SiFive unveils XM Series to accelerate high performance AI workloads

1 min read

SiFive has announced the SiFive Intelligence XM Series designed for accelerating high performance AI workloads.

Credit: StellarK - adobe.stock.com

This is the first IP from SiFive to include a highly scalable AI matrix engine, which accelerates time to market for companies building system on chip solutions for edge IoT, consumer devices, next generation electric and/or autonomous vehicles, and data centres.

As part of SiFive’s commitment to supporting its customers and the broader RISC-V ecosystem, SiFive has also announced its intention to open source a reference implementation of its SiFive Kernel Library (SKL).

SiFive’s new XM Series offers a scalable and efficient AI compute engine and by integrating scalar, vector, and matrix engines, customers will be able to take advantage of very efficient memory bandwidth. The XM Series also continues SiFive’s legacy of offering extremely high performance per watt for compute-intensive applications.
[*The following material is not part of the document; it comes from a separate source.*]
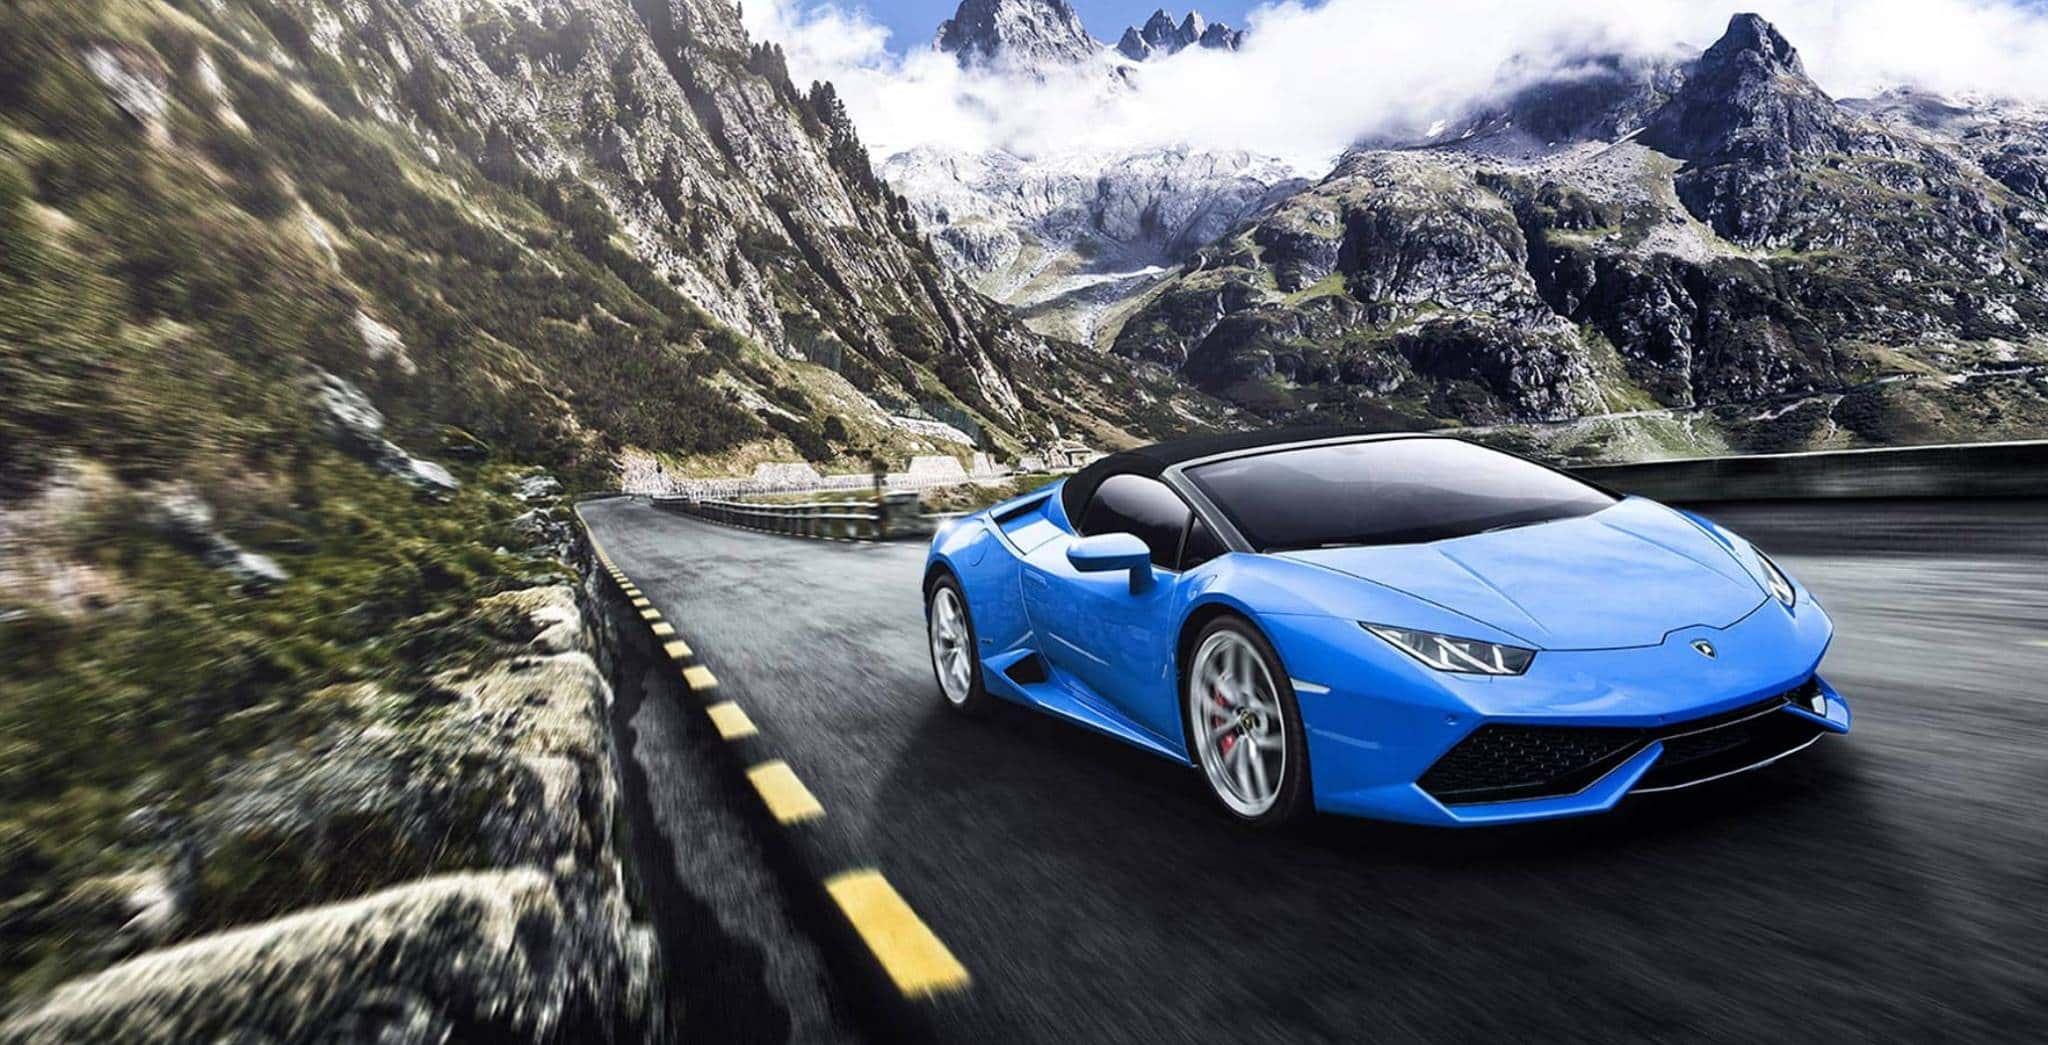 Lamborghini Huracan Spyder 2020 recibirá un rediseño

“Many companies are seeing the benefits of an open processor standard while they race to keep up with the rapid pace of change with AI. AI plays to SiFive’s strengths with performance per watt and our unique ability to help customers customise their solutions,” said Patrick Little, CEO of SiFive. “We’re already supplying our RISC-V solutions to five of the ‘Magnificent 7’ companies, and as companies pivot to a ‘software first’ design strategy we are working on new AI solutions with a wide variety of companies from automotive to datacentre and the intelligent edge and IoT.”

“RISC-V was originally developed to efficiently support specialised computing engines including mixed-precision operations,” explained Krste Asanovic, SiFive Founder and Chief Architect. “This, coupled with the inclusion of efficient vector instructions and the support of specialised AI extensions, are the reasons why many of the largest datacentre companies have already adopted RISC-V AI accelerators.”
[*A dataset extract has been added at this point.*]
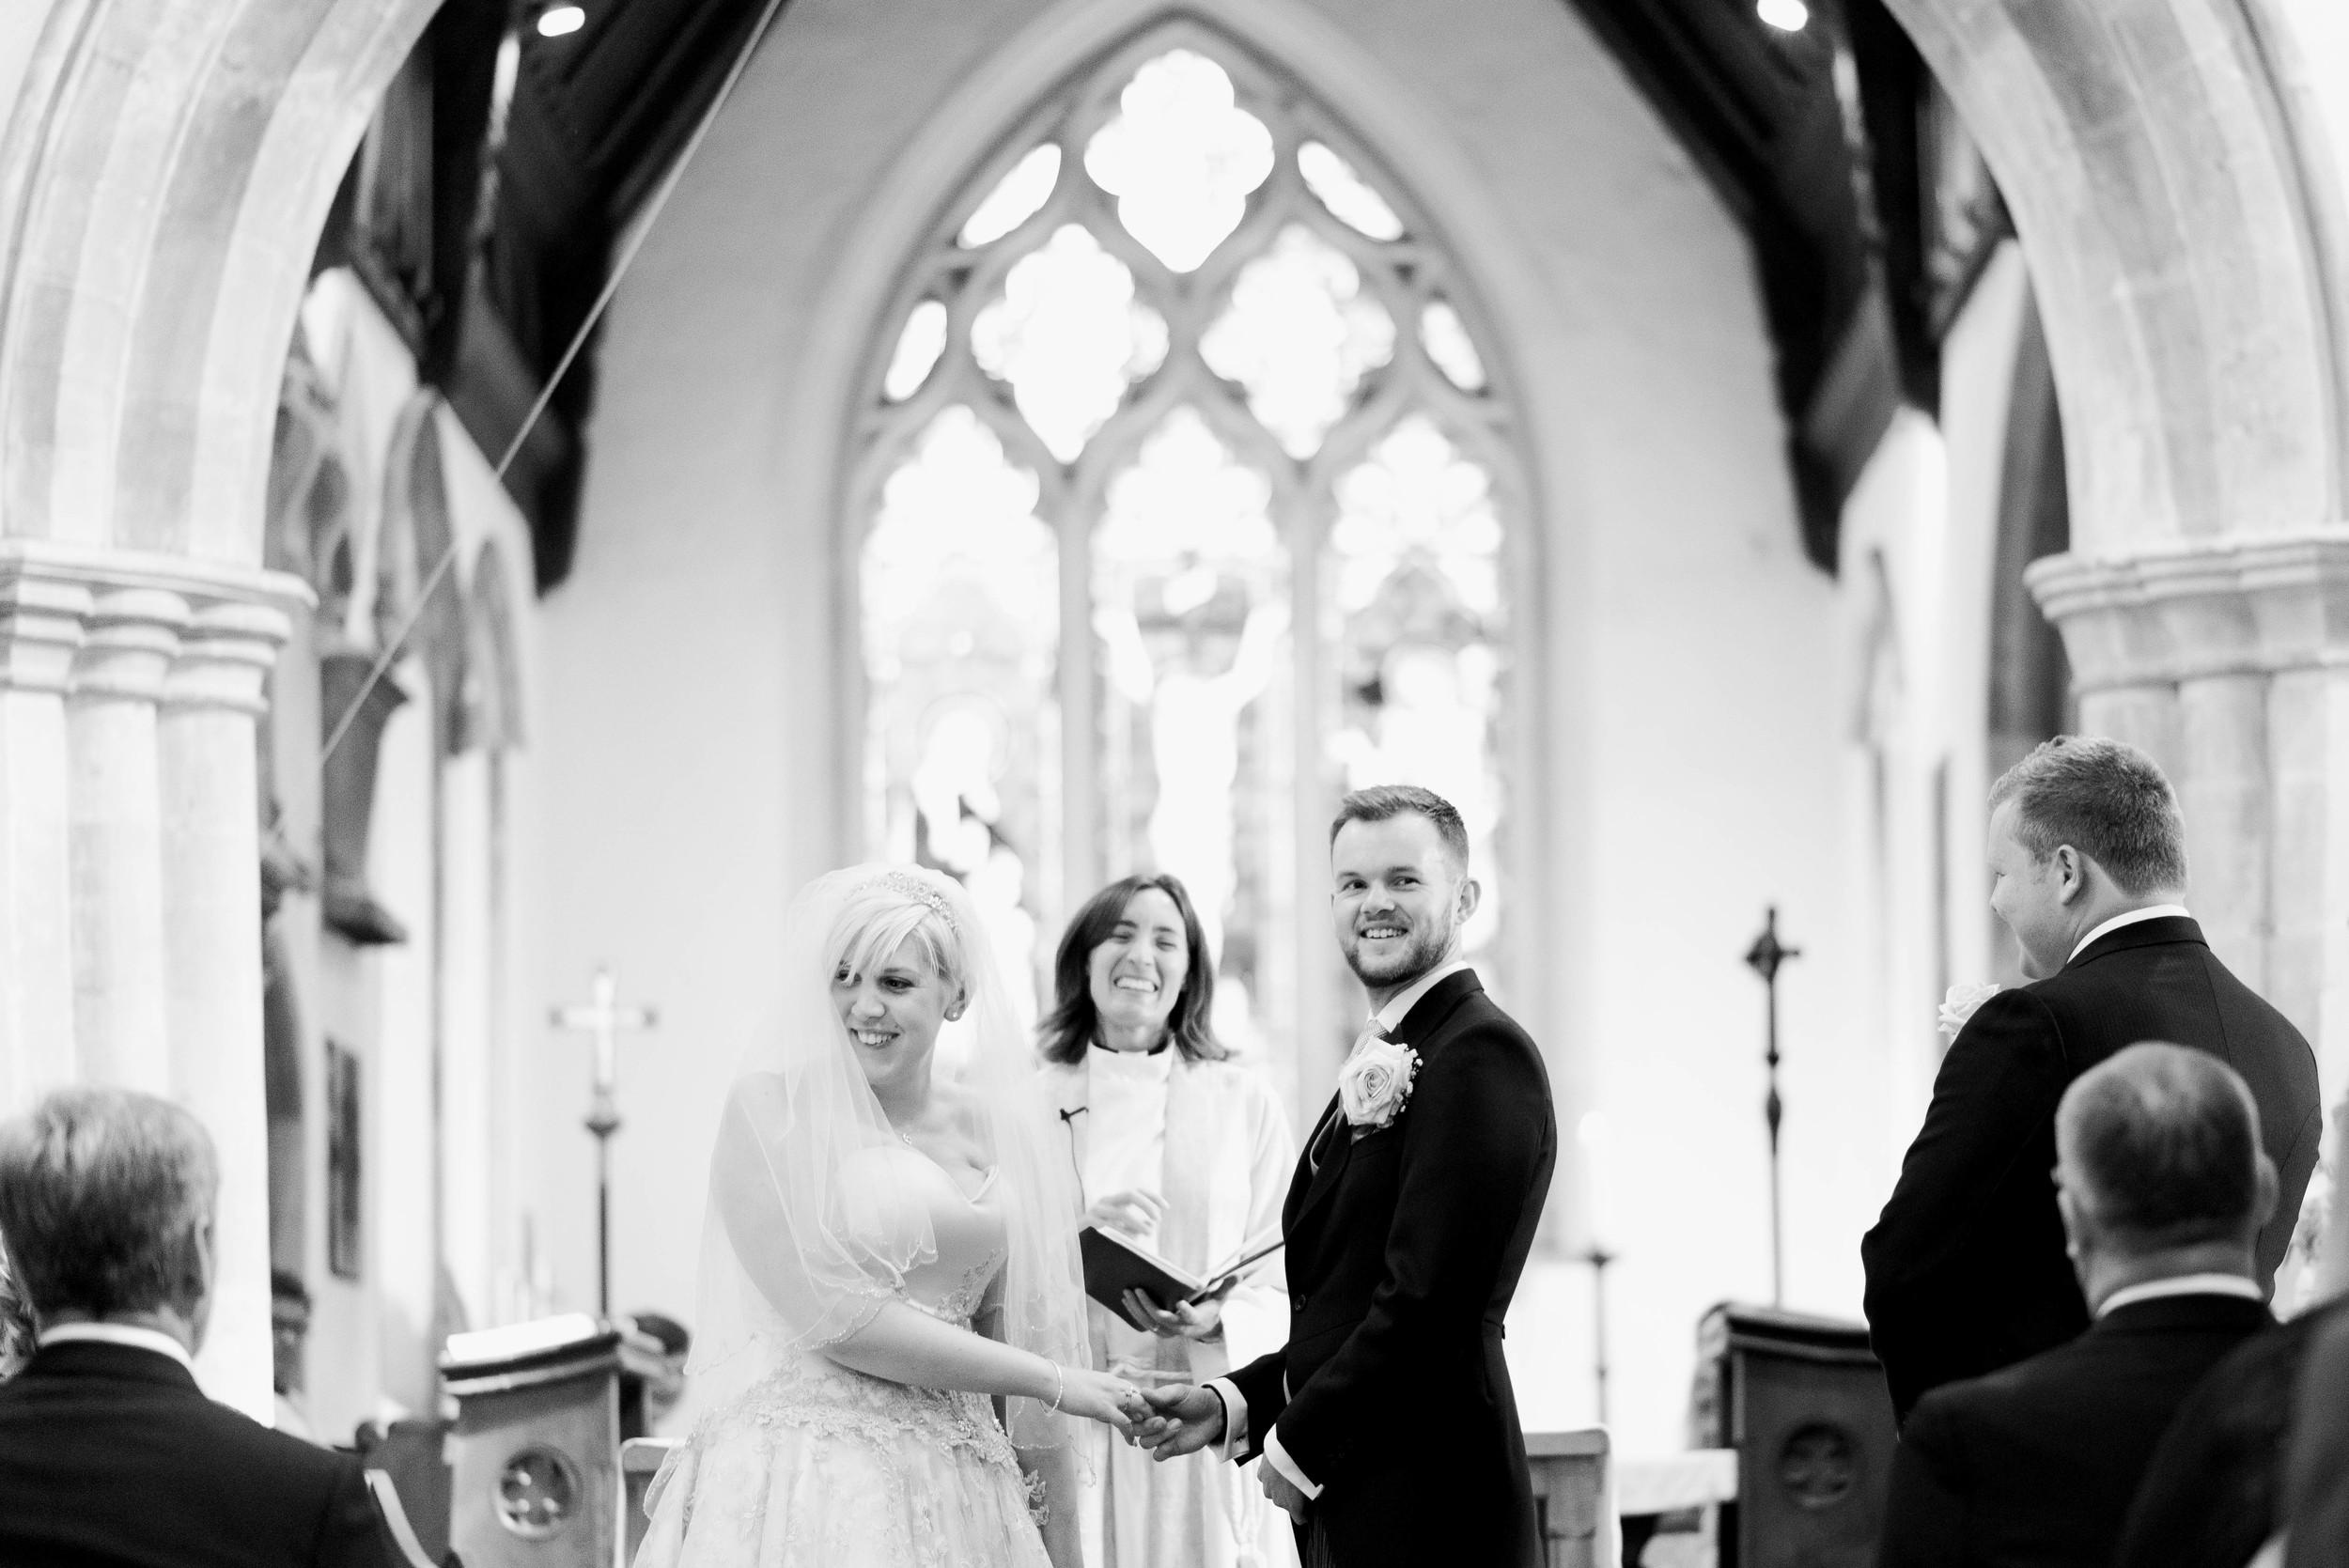 1 Bride Groom Church Wedding Photography.jpg

The XM Series features four X-Cores per cluster, a cluster can deliver 16 TOPS (INT8) or 8 TFLOPS (BF16) per GHz. There is 1TB/s of sustained memory bandwidth per XM Series cluster, with the clusters being able to access memory via a high bandwidth port or via a CHI port for coherent memory access.

SiFive said that it sees the creation of systems incorporating no host CPU or ones based on RISC-V, x86 or Arm.